|Department of Public Information • News and Media Division • New York|
At Peace Memorial Ceremony, Secretary-General Calls for Concrete Action
towards Ending ‘Historical Nightmare’ of Nuclear Weapons Age
Following is UN Secretary-General Ban Ki-moon’s message, delivered by Angela Kane, High Representative for Disarmament Affairs, to the Peace Memorial Ceremony, in Hiroshima, Japan, today:
I am honoured to send greetings to all participants in this year’s Peace Memorial Ceremony in Hiroshima.
The atrocious bombing we remember today had as its original target the Aioi Bridge not far from this ceremony, according to historians. In the years since, the citizens of Hiroshima and supporters around the world have created many new kinds of bridges — of trust, friendship and understanding.
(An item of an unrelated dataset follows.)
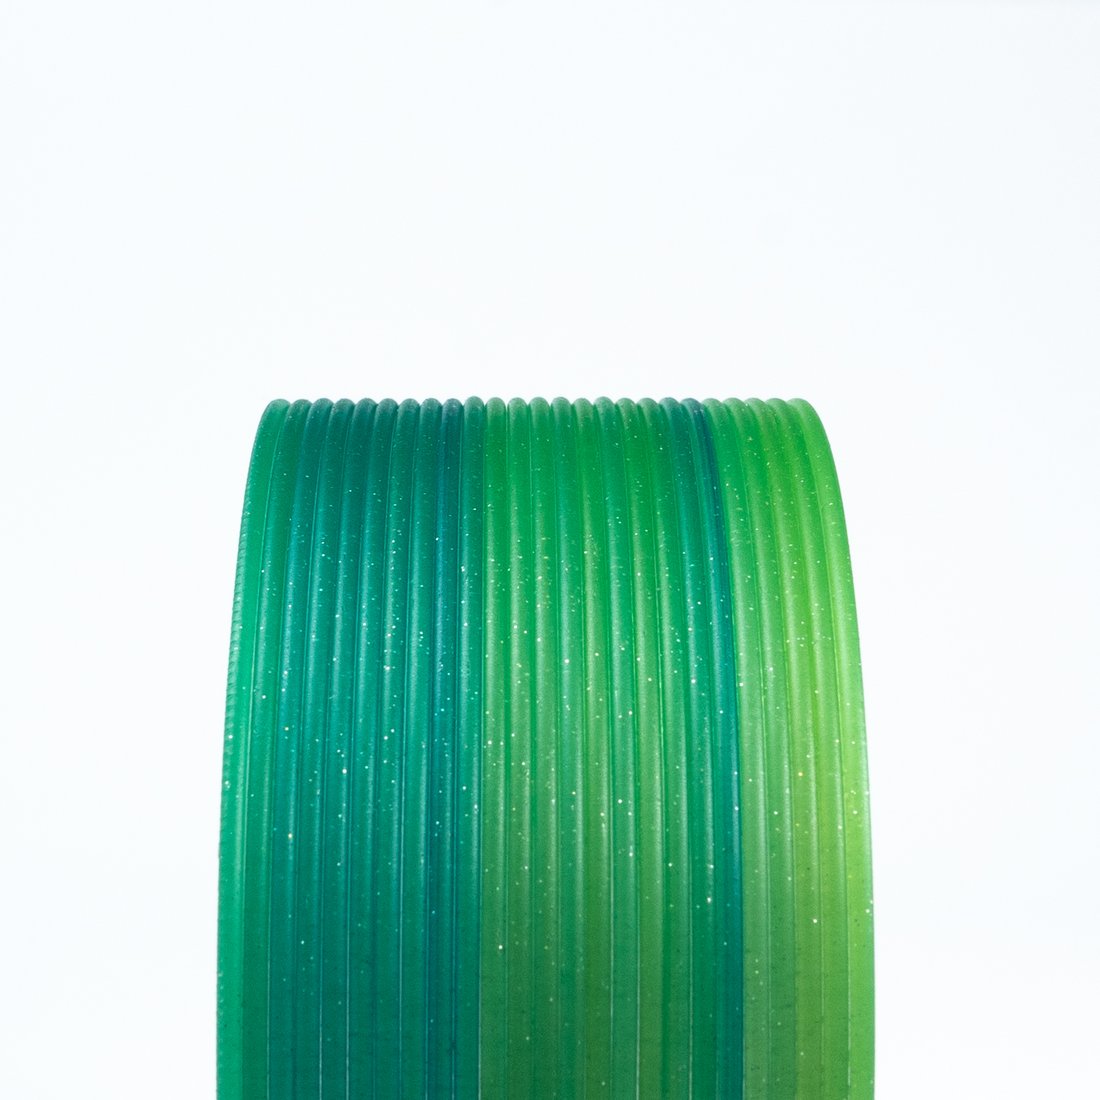 Proto Pasta Forest Fantasy Green Multicolor HTPLA - 1.75mm .5KG

This solemn commemoration connects memories of a tragic past with the vision of a future free of nuclear weapons. I am especially grateful to the hibakusha for forging links with the new generations who can carry forward the commitment to pursue nuclear disarmament until it is finally achieved. The United Nations is actively pursuing this goal.
Hiroshima’s many messages of peace and hope have educated the world about the devastating humanitarian consequences of nuclear weapons, inspiring a global campaign focused on the unacceptability of using these arms under international humanitarian and human rights law. The hibakusha have been the face of that effort. Their testimonies have deeply touched me and countless other people.
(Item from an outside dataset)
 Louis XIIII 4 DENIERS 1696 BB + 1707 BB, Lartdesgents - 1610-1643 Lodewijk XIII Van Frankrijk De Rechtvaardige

One of the great ironies of modern science is that humans are searching for life on other planets while retaining and modernizing weapons of mass destruction that, if used, can destroy all life on planet Earth. We must address this failing and counter the militarism that breeds the pursuit of such weaponry.
The people of Hiroshima have a direct bridge to the United Nations, where nuclear disarmament remains one of our most important goals. The United Nations is an indispensable arena where Member States and civil society can work together to advance our vision of a world free of nuclear weapons.
Let us press for immediate and concrete progress so that the hibakusha and the world can witness the final destruction of the last nuclear weapon as we end the historical nightmare known as the age of nuclear weapons — and welcome the dawning of a new era of hope, peace, and prosperity for all.